So far as I can tell, this:

It seems that the infectious malarial agent, a parasite called “Plasmodium” has some points in common with coronavirus, such as a genome made of ribonucleic acid (RNA). This shared point may have led to the beginnings of immunity to COVID-19 among those who have had malaria.

is utter tosh. Most viruses have RNA genomes. All known cellular organisms have DNA genomes, including Plasmodium.

Thanks for the useful reminder. Like I said, a finance minister. But the SEAsia rates do raise a question, don't they?

I think I've mentioned this before, but I believe that the anti-vaxxers obsession with mercury in vaccinations causing autism is actually based on an observation that symptoms of mercury poisoning resemble autism. This has been both disproven (mercury doesn't cause autism) but the basic observation was the start of a lot of grifting. I'm curious if this observation is similarly why talk of hydrochloroquine surfaced.

It became viral only after Jabbabobk heard it somewhere and spread the 'news', so one would have to look at his source and whether that has direct connections to know grifters (i.e. beyond mere headline gripping media).
[I hope that does not count as bringing politics into the thread. It seems to me that at least initially Jabbabonk had no direct financial interest in it but was simply gullible.]

True, but it wasn't like they just chose a drug out of thin air. It blew up because of the recommendation, but how did that drug, out of all the others, get chosen?

possibly of interest

it calls for widespread testing and contact tracing, which potentially raise political issues, which aren't to be discussed in this thread. and i support that.

for here, I'm only interested in the feasibility of paths forward which are economically sustainable and don't require the deaths of 1,000+ people a day for the forseeable future.

...but how did that drug, out of all the others, get chosen?

As I recall, it started with a French study by a rather unconventional and controversial doctor:


...but how did that drug, out of all the others, get chosen?

There was some prior published work that
hydroxychloroquine had at least marginal anti-viral effects.

Thanks, maybe a bout of apophenia on my part...

From the other post:
AFAIK, we're not worried about free-floating virus particles...

Analyses I have read suggest that if the SARS-CoV-2 virus were a problem as a free-floating virus, it would be much more contagious. The virus for measles, which can remain infectious in free-floating form, has an R0 in the 15-to-18 range. The SARS-CoV-2 R0 seems to be in the 2-to-3 range.

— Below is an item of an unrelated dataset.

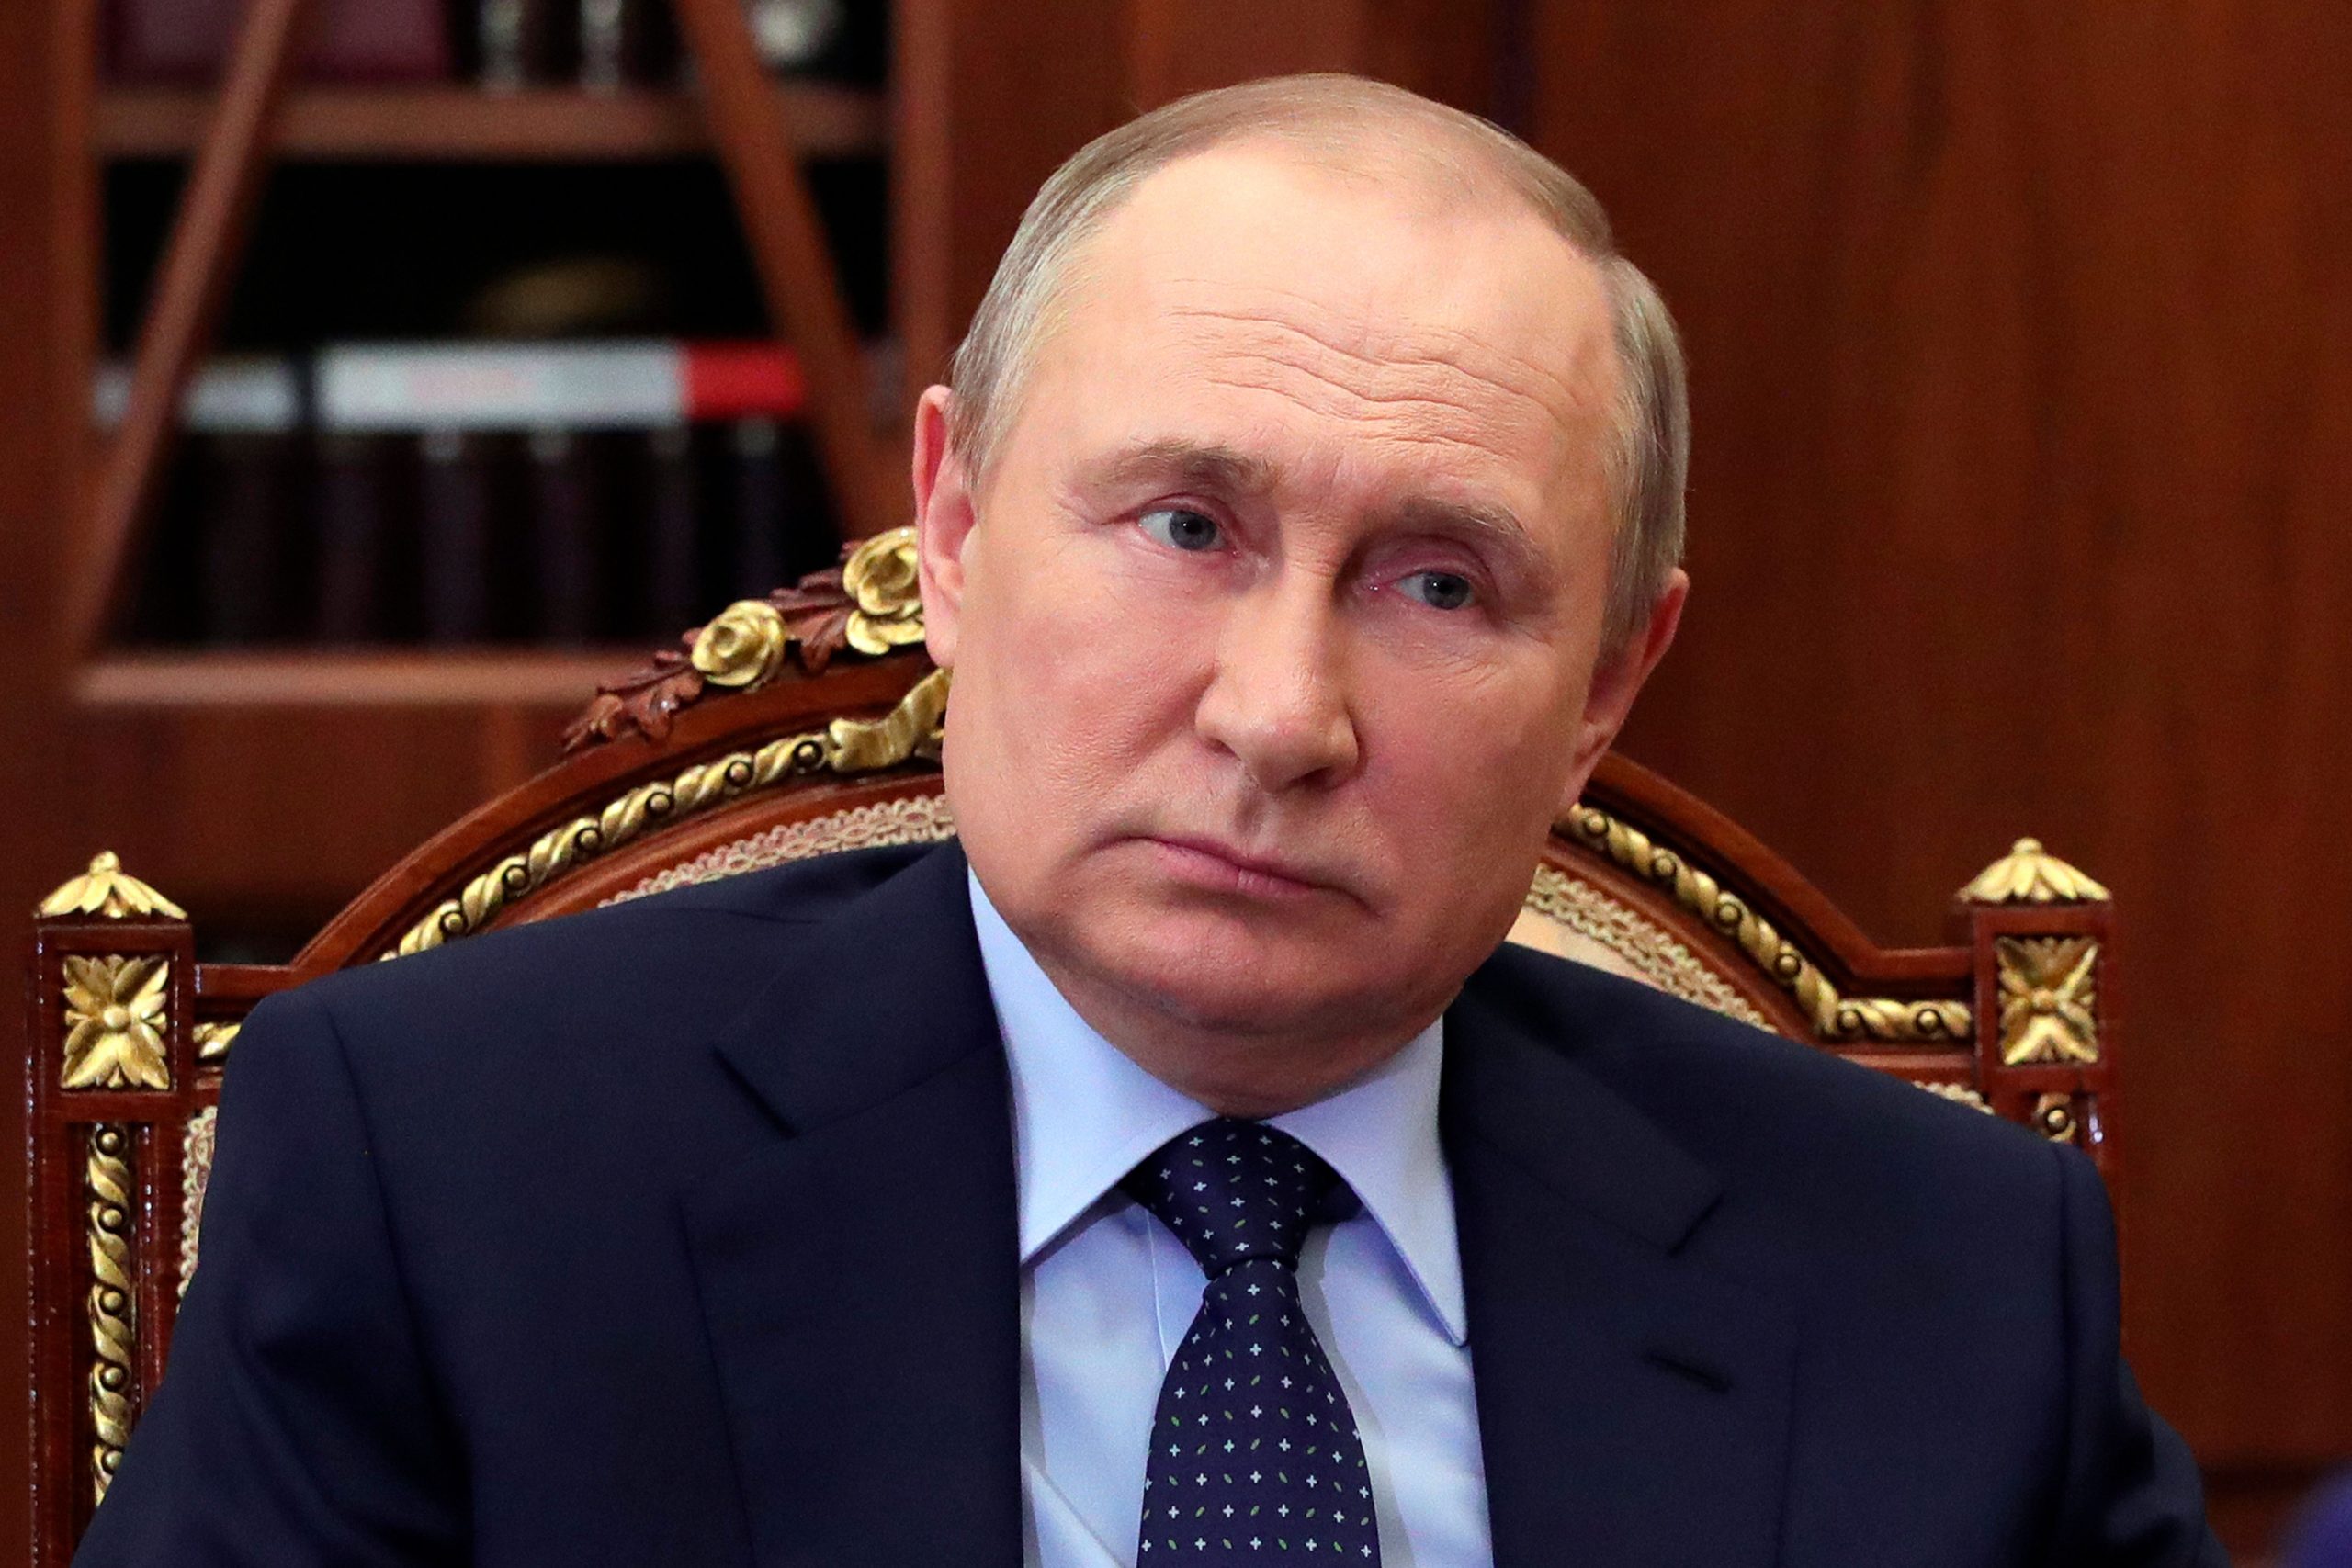 ‘Western leaders would look ‘disgusting’ if they were topless’: Russia’s Vladimir Putin
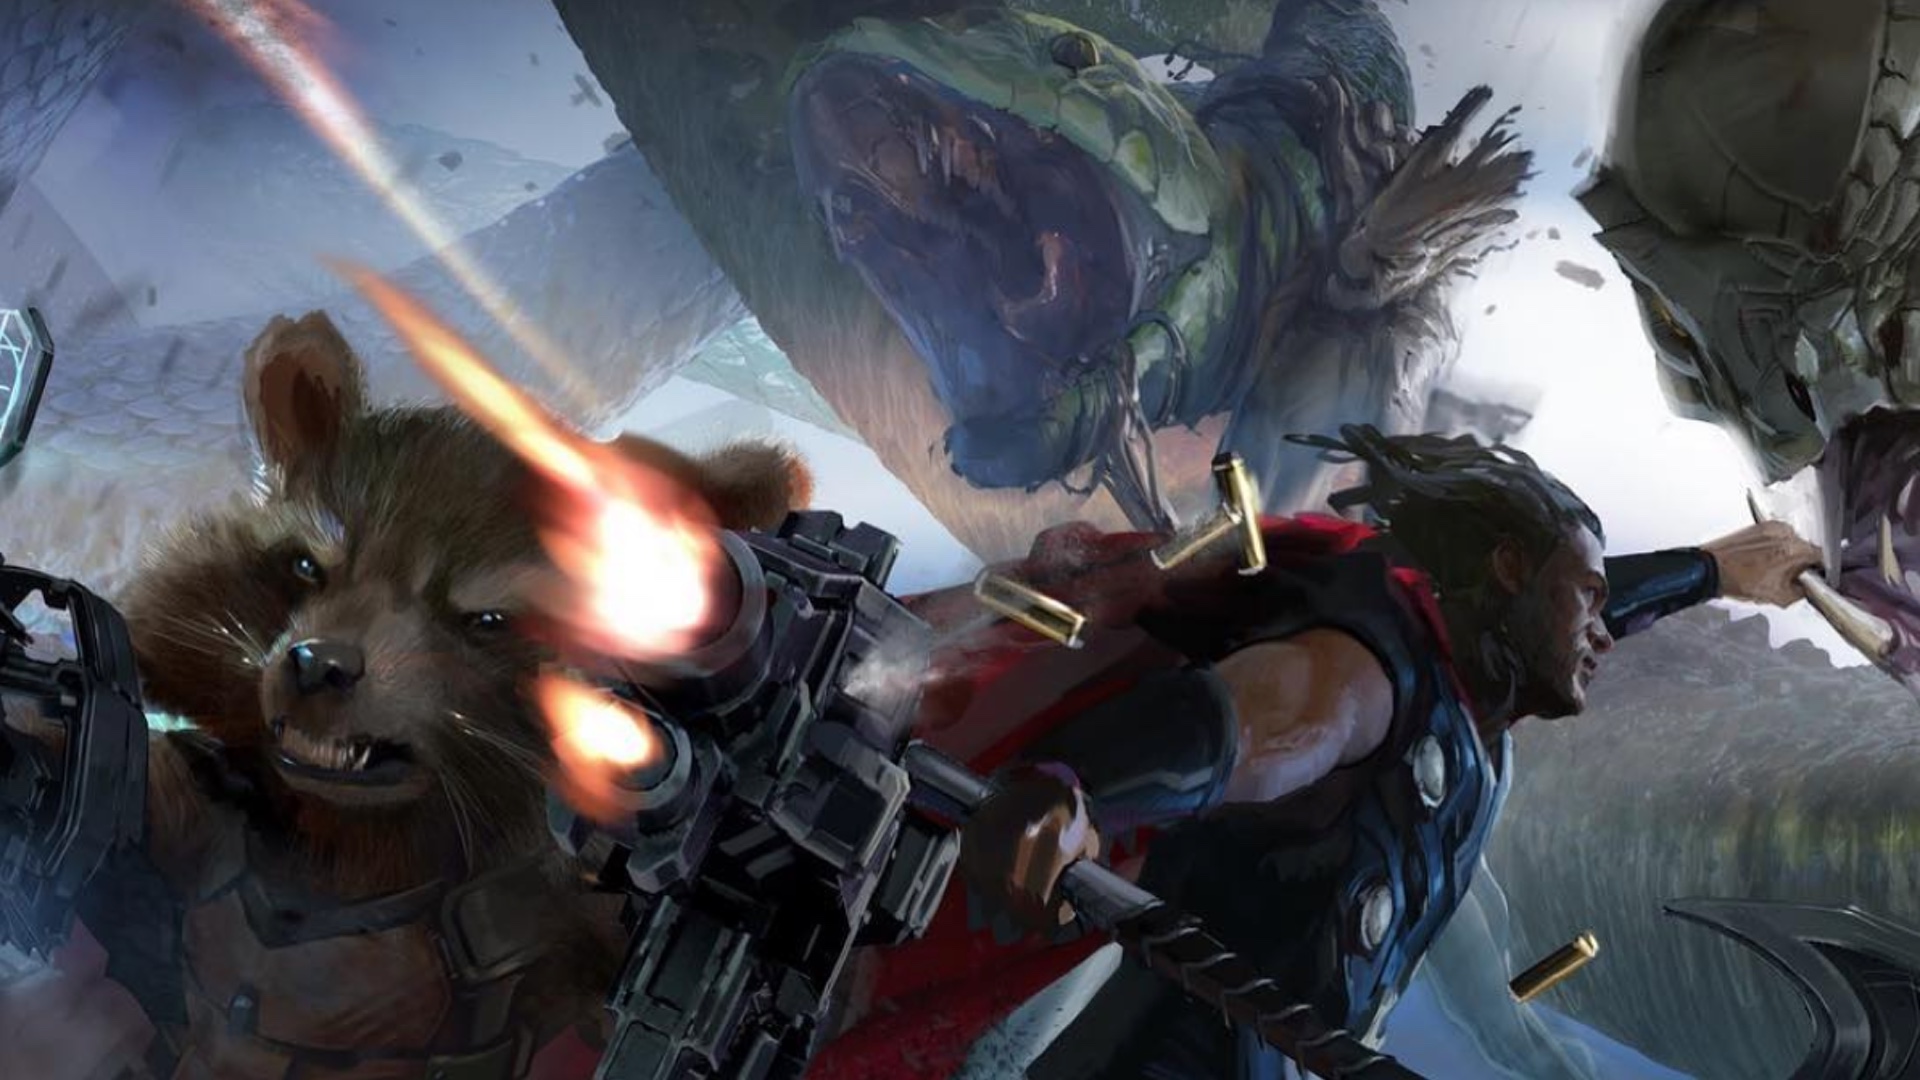 avengers-infinity-war-key-art-shows-thor-and-rocket-battling-giant-serpents-social.jpg

Epidemiologists ask such odd questions. In the course of reading assorted academic papers, I read one that fitted three different transmission methods for plague -- pneumonic, rats/fleas, human lice -- to known historic outbreaks, the Black Death in Europe in particular. When they got done, an R0 of 3 and a lice-rich environment did the best job of predicting outcomes like duration and mortality.

That’s lousy.

We're just getting to the phase of the pandemic in the US that really scares me. As anyone who's ever played with one of the zombies-as-epidemic models online knows, the disease hits the cities, then spreads along the major transportation corridors, then eventually moves into the real rural areas. The rural health care system in the US has been falling apart for decades. Practices like social isolation are harder. The health conditions associated with bad outcomes are more common. From history, we know the 1918 flu was much more lethal in most of the rural areas than in the cities. "John died in the buggy on the way to town to see Doc Smith" stories were common.

"John died in the buggy on the way to town to see Doc Smith" stories were common.

I need to do more reading about the 1918 epidemic. But did Doc Smith have a remedy (obviously not a cure) for John in 1918? I wonder how much medical intervention helped during that pandemic. (Time for me to go find out!)

@Michael Cain -- I remember reading stories of people falling dead in the streets during the 1918 pandemic.

And yes, for me too this is one of the biggest things keeping me from sleeping at night, for the sake of how the summer is going to go in the US.

I live within twenty minutes of a good hospital, and I'm an hour or so from Portland and even closer to Lewiston, where there are well-regarded hospitals. (I obviously still don't want to get COVID-19! But if I do, I will be within easy reach of medical care.)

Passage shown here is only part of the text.